Sultan III. Selim’in, Ebubekir Ağa, Şakir Ağa, Abdülhalim Ağa, Zaharya  gibi 17 ve 18. yüzyıl bestekarlarının eserleri, daha sonra neoklasik devrin Hacı Arif bey, Şevki bey, Hacı Faik bey, Ahmet Rasim gibi 19 ve 20. yüzyıl başlarında yaşamış bestekarların pek çoğu unutulmuş eseri böylece bu toplantılarda ortaya çıkarılmıştı. Eserlerin son tashihlerini genellikle Refik Fersan yapıyor ve Nuri Duyguer de son defa notaya alıyordu. Bu şekilde yapılan çalışma ile o yıllarda sanırım 26 fasikül nota Konservatuvar tarafından yayınlandı.

Aslına bakarsanız bu heyet çalışmazdı !.. Masanın başı ile son bölümü birbirinden ayrılmıştı. En önde oturan Hocam Sadeddin Heper, sessiz ve az konuşan bir insandı, kimseye laf yetiştirme derdine düşmez, son kelamın sırasını beklerdi. Onun sağında oturan Refi’ Cevad bey ise tersine aşırı konuşkan bir zattı. Musiki ile ilişkisi o yıllarda Milliyette yayınlanan günlük makale’lerden öteye geçmezdi. Ancak daha çok Ulunay soyadı ile tanınan bu değerli büyüğümüz fevkalade meclisârâ bir insandı, yani kültürü, sohbeti, konuların en çarpıcı yönünü bulmaktaki olağanüstü ustalığı ile her mecliste aranan bir kişiydi.

Ref’i Cevad bey’in karşısısnda ise Dürri Turan oturuyordu. O da üstün kültürü ile pek değerli, sözü dinlenir, sevecen bir insanı. Böylece İstanbul Belediye Konservatuvarı “tasnif hey’eti” nin üç üyesi devamlı sohbet eden konuyla fazlaca ilgilenmeyen  kişilerdi. Masanın diğer tarafında oturan Nuri Duyguer ve Refik Fersan ise bu hey'etin çalışan bölümüydü. durmaksızın çalışırlardı. Diğerlerinin sohbetine fazla karışmazlar, bir arı ciddiyeti ile işlerini görürlerdi.  
 
Konservatuvar'ın  “Tasnif hey’eti”nin yanısıra asıl görevi olan eğitim sınıfları ve bir de “icra hey’eti” vardı. İcra hey’eti devrin tanınmış ses ve saz sanatçılarından oluşan 60 kişilik  bir koro’ydu.
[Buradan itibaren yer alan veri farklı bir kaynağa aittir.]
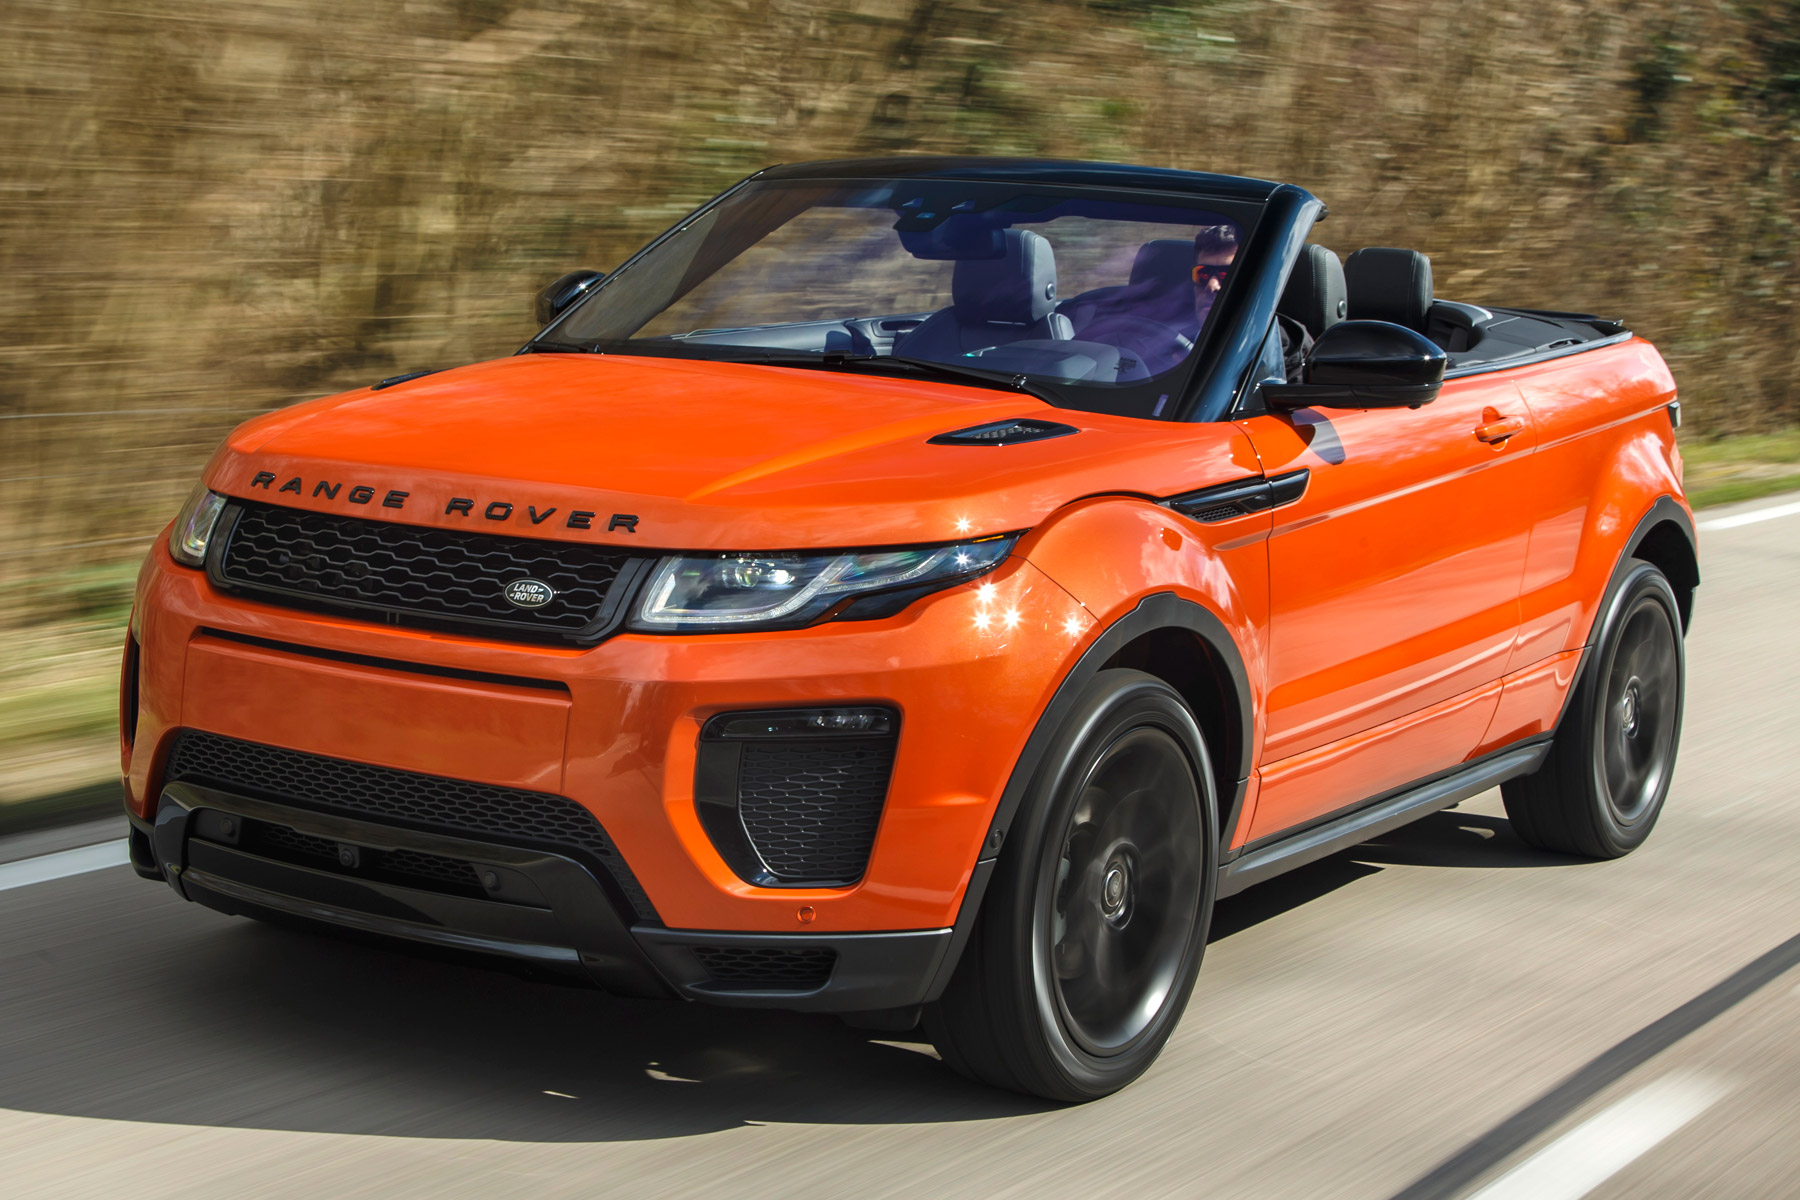 2016 Range Rover Evoque Convertible review first drive Motoring Research

Harbiye’de eski Şan Sinemasında, kış aylarında onbeş günde bir konser verirlerdi. Münir Nureddin Selçuk ve Kemal Gürses, bazen Emin Ongan, pek nadir olarak da Radife Erten ve Mefharet Yıldırım bu koro'nun şefiğini sırayla yürütürlerdi.

**Münir Nureddin Selçuk’**un yönettiği konserler pek muhteşem olurdu. O sırasında kendisi de solo okur, kendi bestelerini seslendirirdi. Galatasaray Lisesi yıllarında ilk gençliğim bu konserleri izlemekle geçmişti. Anıt konserlerdi onlar, dua gibi, ayin gibi, ibadet gibiydiler.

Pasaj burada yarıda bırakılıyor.